O pessoal não liga

A vida é precária, provisória. Essa é uma condição básica, universal. Mas aqui levamos esse conceito a patama­res raras vezes alcançados em outras latitudes. Vamos combinar que o tal “valor da vida” no Brasil é cada vez mais coisa nenhuma. Aqui, o milagre é sobreviver às tradicionais precariedades, aos históricos descasos e às irresponsabili­dades das nossas escolhas.

Os “Morros do Bumba”, as “boates Kiss”, os “desastres da TAM”, os milhares que morrem e vão continuar mor­rendo soterrados em enchen­tes e a inacreditável multidão que sucumbe e continuará sucumbindo na guerra que é nosso trânsito provam que nossas tragédias evitáveis, nossas omissões criminosas e a tal da impunidade desen­freada estão em toda parte e podem atingir todos – ricos e pobres. A democratização da morte estúpida também pode ser con­siderada como igualdade social?

Num país onde muitos desejam ou não se incomodam que o Estado seja o maior protagonista, onde o apa­rato estatal consome recursos assom­brosos e onde os governantes se ven­dem (com e sem duplo sentido) como “paizões” protetores, líderes messiâni­cos ou similares, é natural que a maior responsabilidade recaia mesmo sobre as autoridades. Elas foram eleitas ou descolaram cargos com quem se ele­geu, usam e abusam dos superimpos­tos que pagamos e retribuem com es­tatísticas e serviços de quarto mundo.
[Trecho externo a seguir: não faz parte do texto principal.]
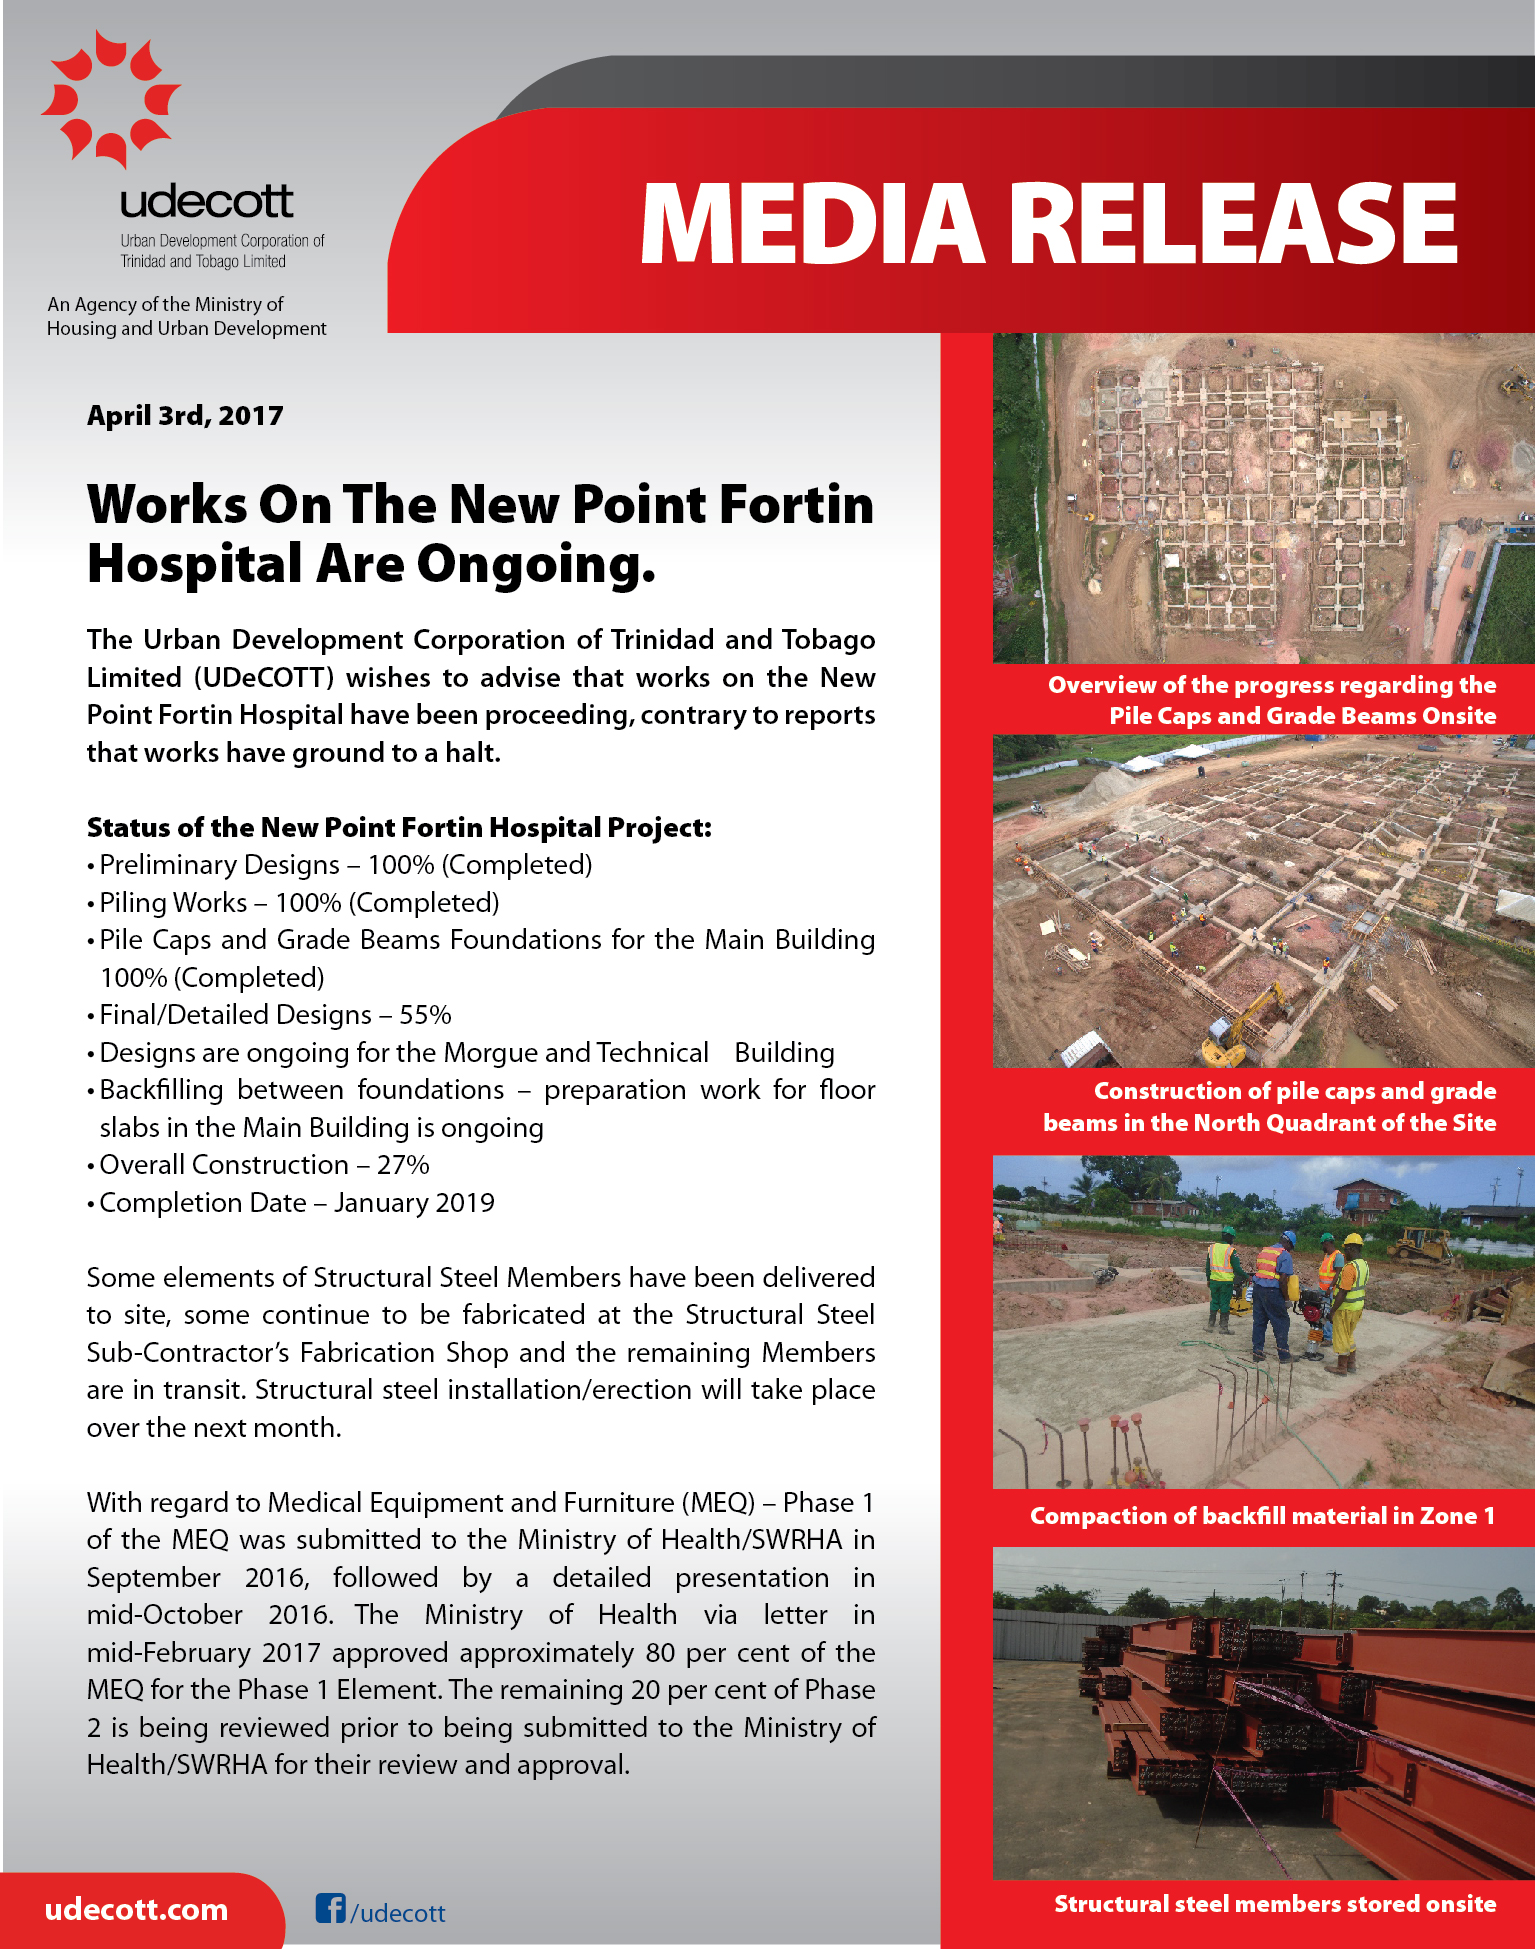 Media Release - Works On The New Point Fortin Hospital Are Ongoing

Tudo isso é muito ruim, porém ainda não é o pior. Para começar, os políticos, esses vilões imediatos, são todos o que mesmo? Bra-si-lei-ros. E eleitos por quem? Exatamente. Você sabe a resposta. Se o problema fos­sem algumas centenas, ou milhares de bandidos, restritos a uma catego­ria profissional, estava tudo certo. Mas nosso buraco é bem mais embaixo.

Moramos precariamente aos mi­lhões e quando vem a repetitiva tragé­dia, lemos e ouvimos que o nível das águas invadiu moradias, quando foi, justamente, o contrário: inva­sões vistas e toleradas por dé­cadas ocuparam áreas de ris­co. Morremos em números avassaladores em nossas ruas e estradas porque preferimos chamar de acidente a insa­nidade de muitos motoris­tas. Morremos em arapucas superlotadas porque a praxe em matéria de procedimen­tos de segurança é subornar o bombeiro encarregado da fis­calização. Morremos em ae­roportos que não deveriam existir e em epidemias que não existiam mais porque so­mos precários. Quem exige que tudo seja certinho é cri-cri, careta, caxias. Bom é quem dá um jeitinho, quem faz gambiarra.

A gente não precisa fazer as coi­sas direito, a gente não precisa capri­char, a gente pode fazer de qualquer jeito, tolerar o malfeito, fingir que não viu, fazer vista grossa, prometer e não cumprir. Aqui, o pessoal não liga.

 

Publicado na Revista ALFA – abr. 2013

1 comentário

  1. Mauricio Mattos   •  

    Um povo que não tem cultura e consciência política só pode agir assim.
    Satisfaz-se com os “bolsas-esmolas”, mas se esquece que sendo ignorante e comprado, não entende os desmandos do governo e não reclama de suas sacanagens.
    Pros políticos isso é o paraíso.
    O povo só quer saber de futebol, praia, samba, “não estão nem ai”.